*** Data supplied ***

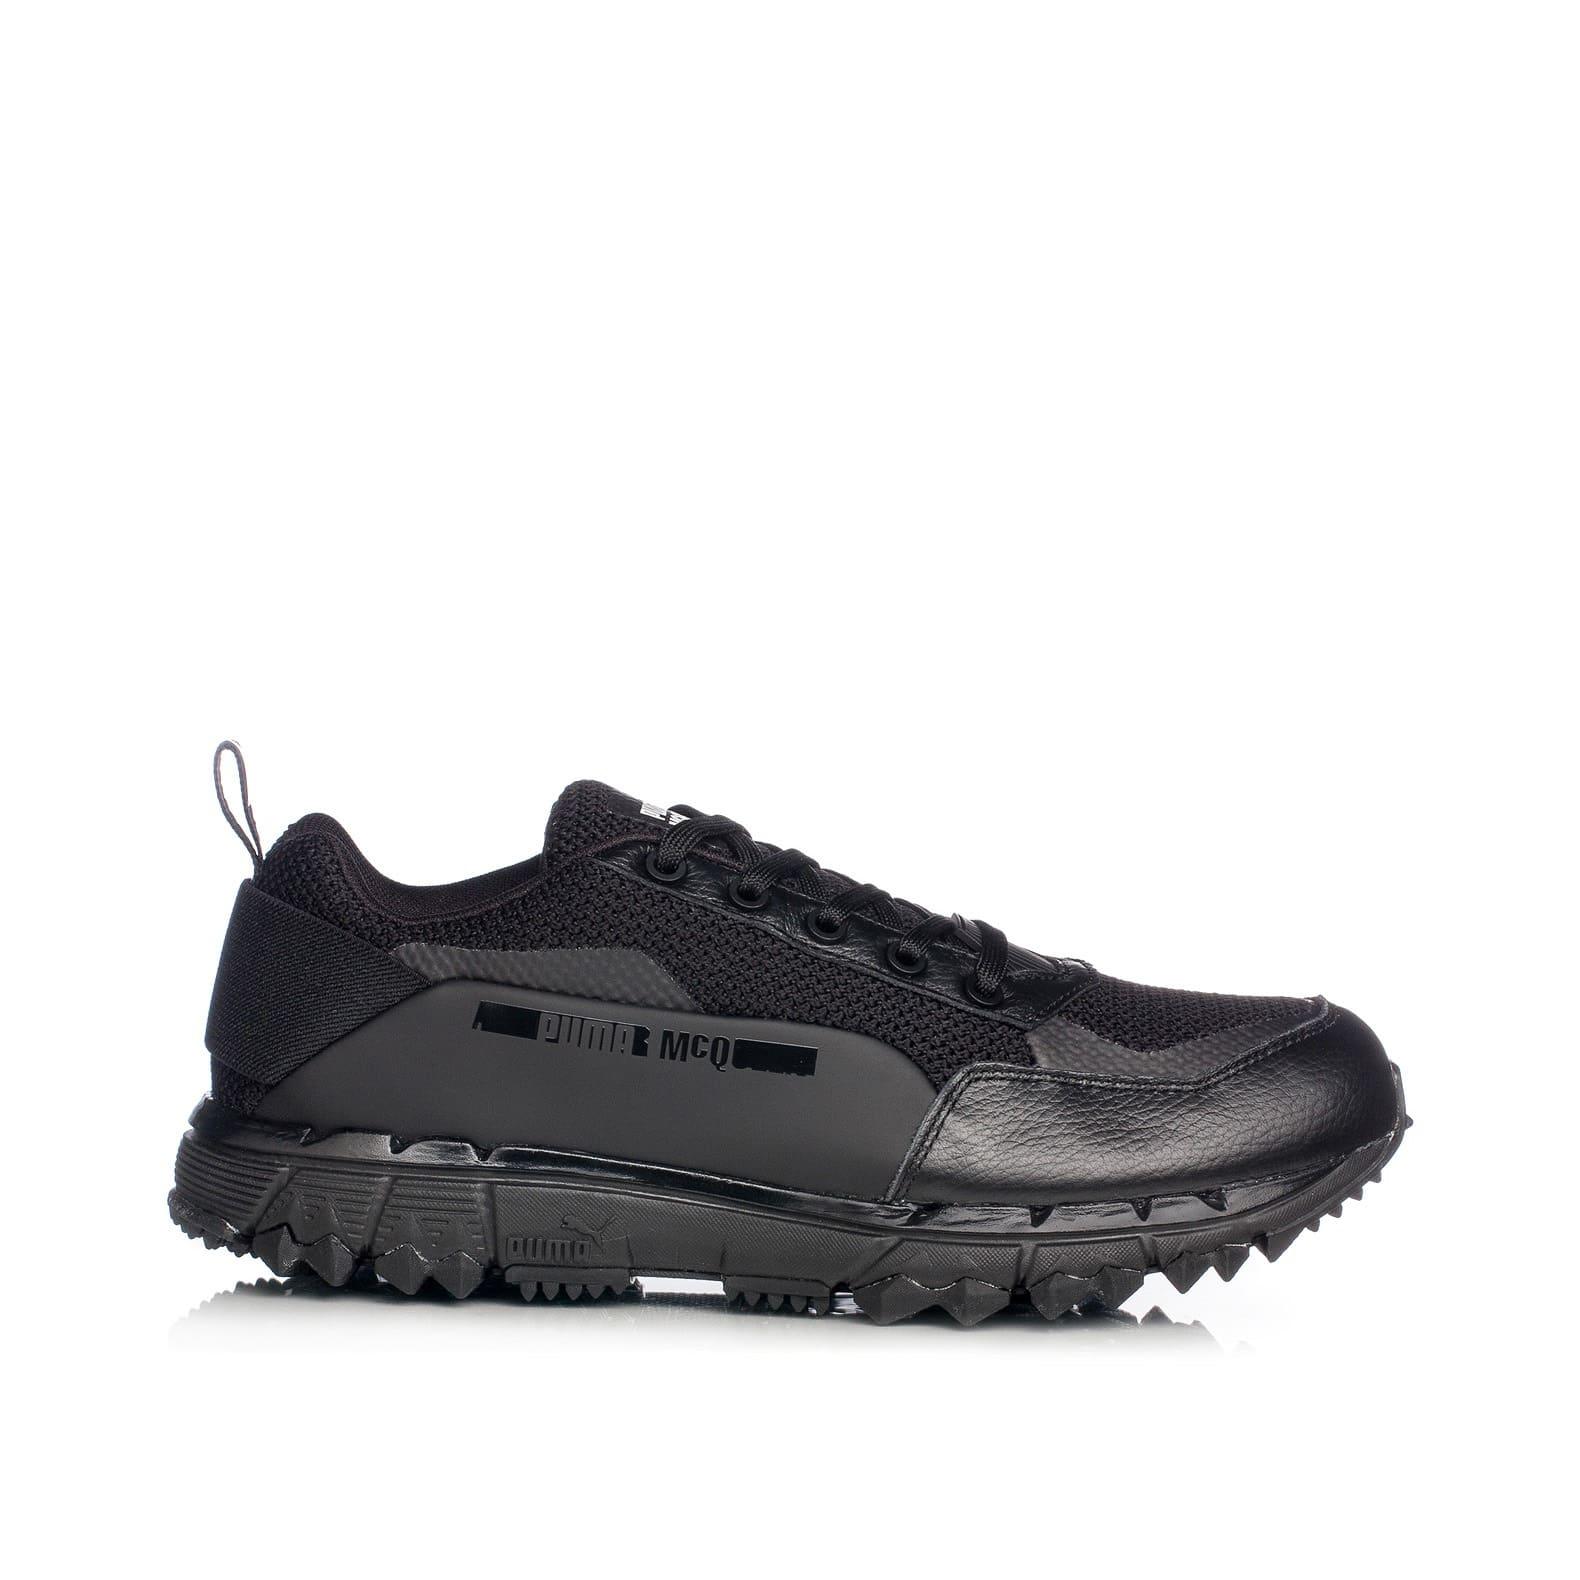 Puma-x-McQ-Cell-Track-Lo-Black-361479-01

***
*** Data supplied ***

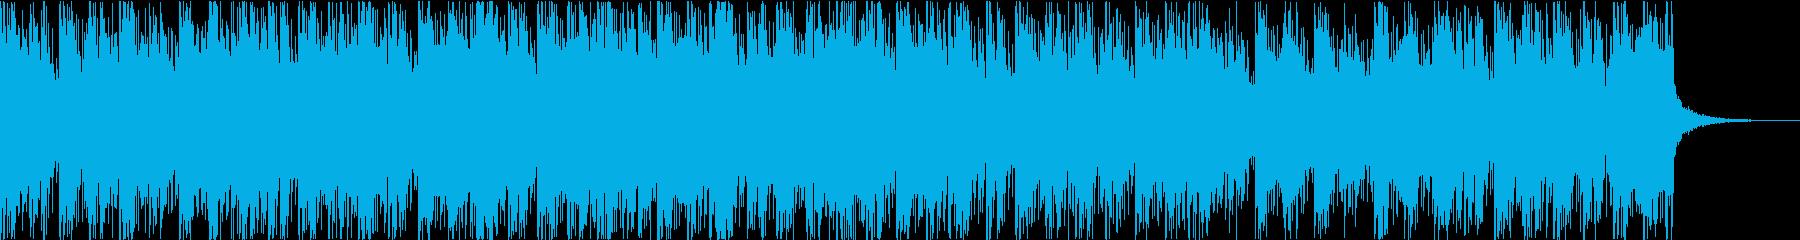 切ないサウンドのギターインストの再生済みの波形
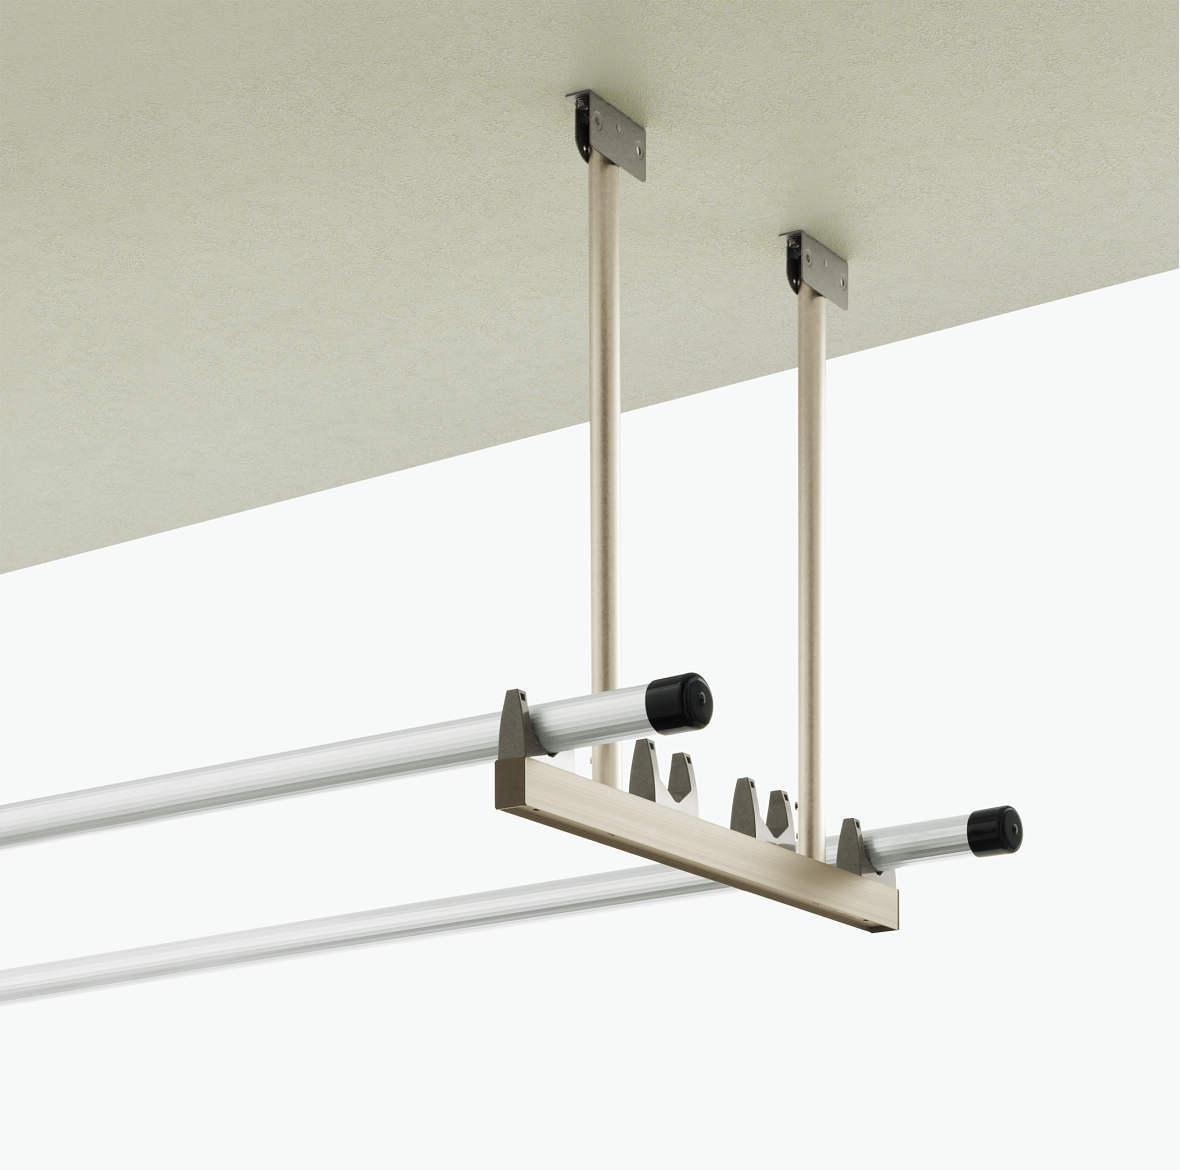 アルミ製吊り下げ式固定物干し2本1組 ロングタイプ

***

** Task item **
Reproduce the data above exactly, but only from the line containing "切ないサウンドのギターインストの再生済みの波形" through the line containing "アルミ製吊り下げ式固定物干し2本1組 ロングタイプ". Omit all pictures.

** Exercise solution **
 切ないサウンドのギターインストの再生済みの波形
 アルミ製吊り下げ式固定物干し2本1組 ロングタイプ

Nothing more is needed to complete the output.